Source material:
• • • • •
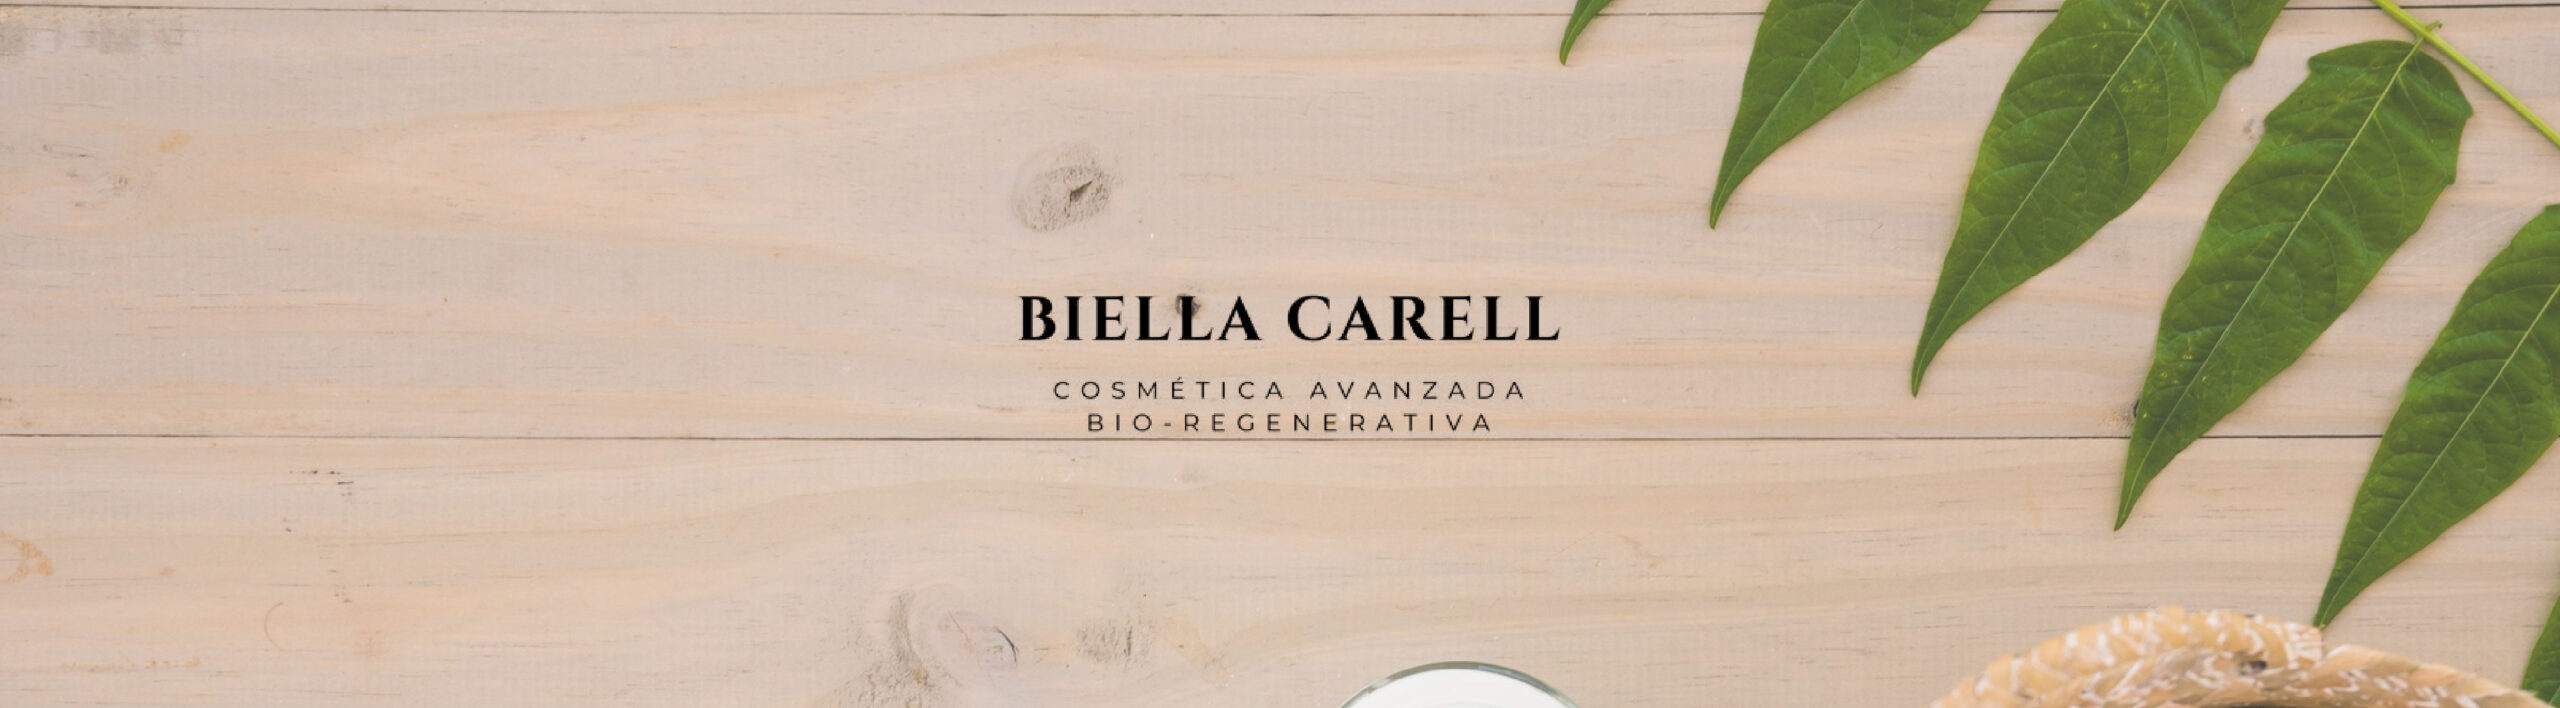 Banner promocional de la marca Biella Carell con un fondo de madera natural y hojas verdes
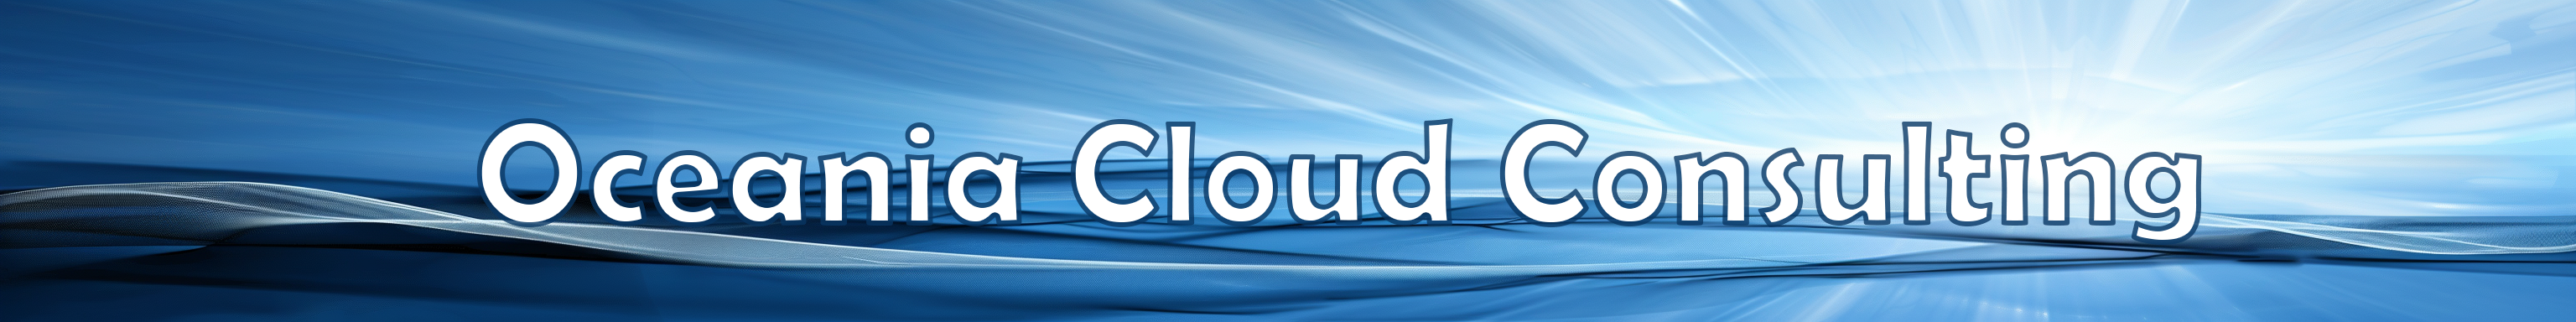 Oceania Cloud Consulting Logo
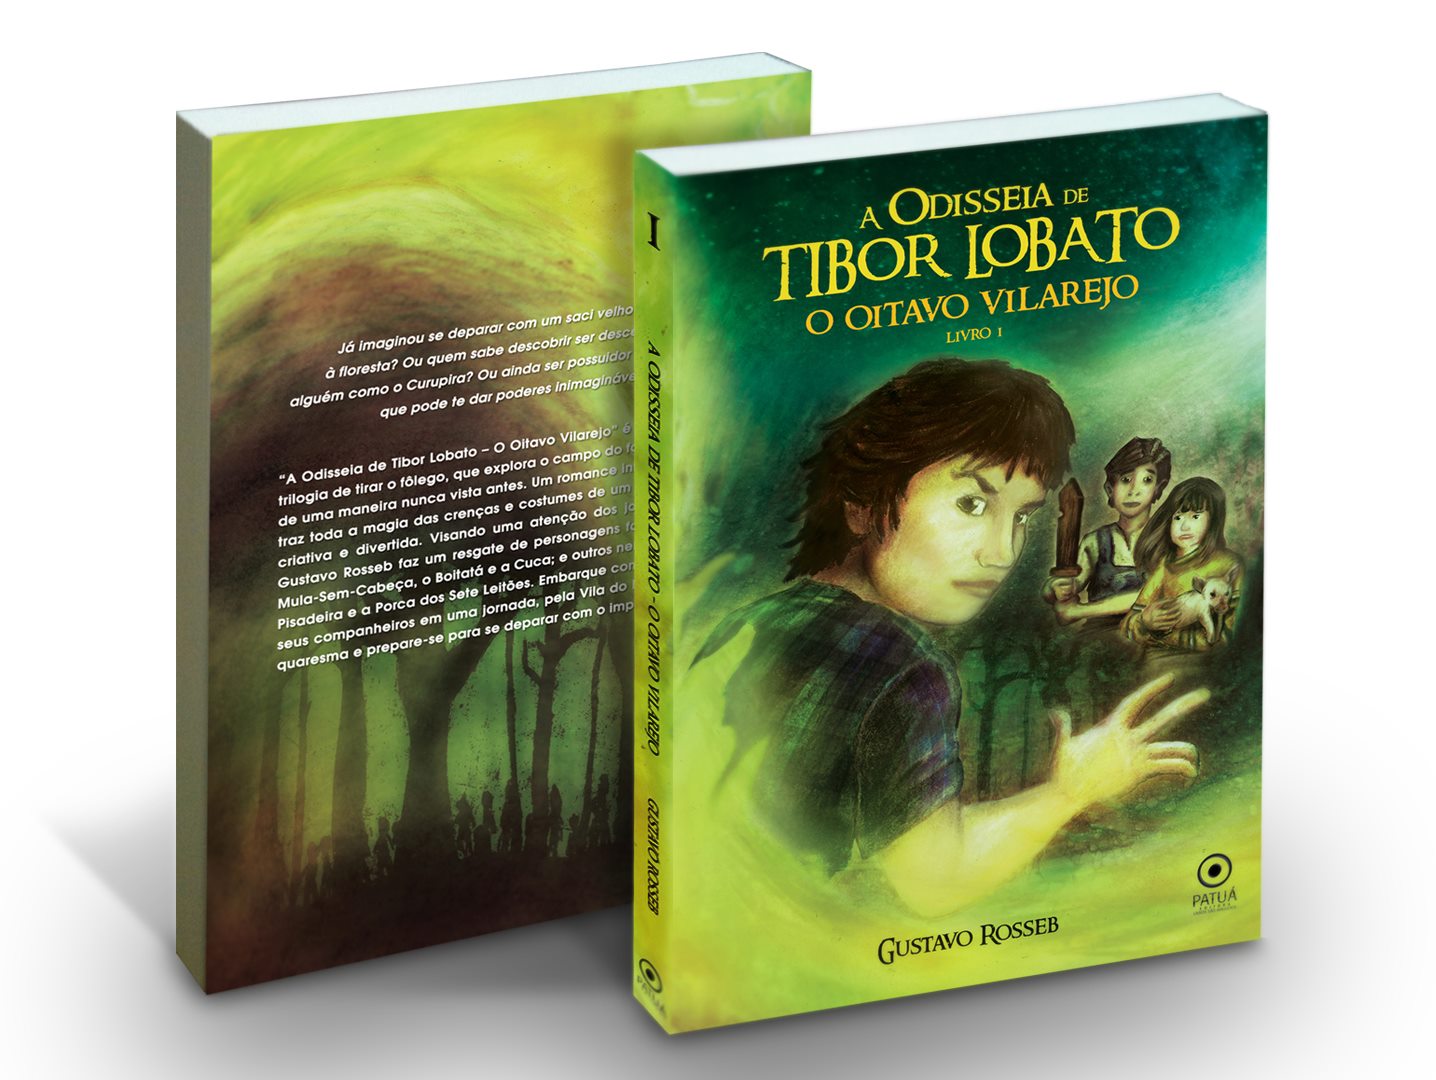 Livro Brasileiro Inspirado Em Harry Potter Tera Adaptacao Ao Cinema
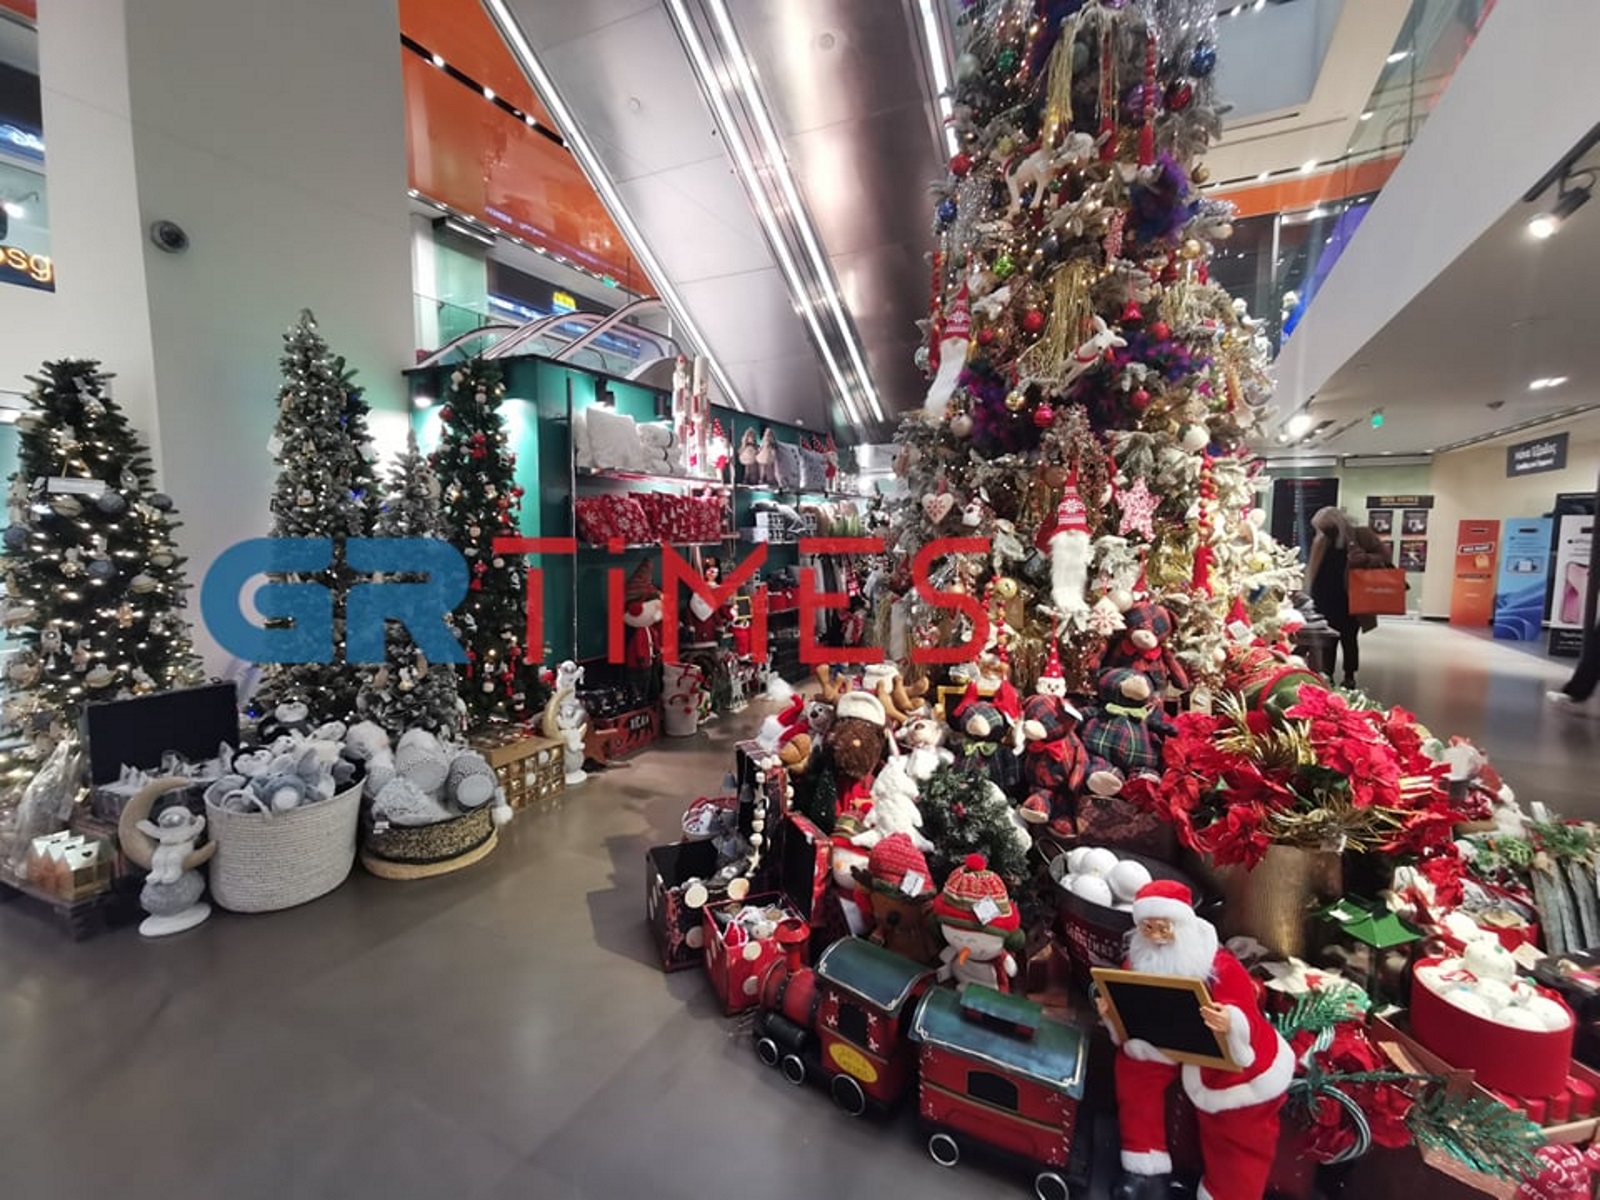 Θεσσαλονίκη: Άρωμα Χριστουγέννων στην αγορά – Στολισμένες βιτρίνες και Άγιοι Βασίληδες
• • • • •
Problem description: Repeat the material exactly as it reads, without any of its pictures.

Solution for this exercise:
 Banner promocional de la marca Biella Carell con un fondo de madera natural y hojas verdes
 Oceania Cloud Consulting Logo
 Livro Brasileiro Inspirado Em Harry Potter Tera Adaptacao Ao Cinema
 Θεσσαλονίκη: Άρωμα Χριστουγέννων στην αγορά – Στολισμένες βιτρίνες και Άγιοι Βασίληδες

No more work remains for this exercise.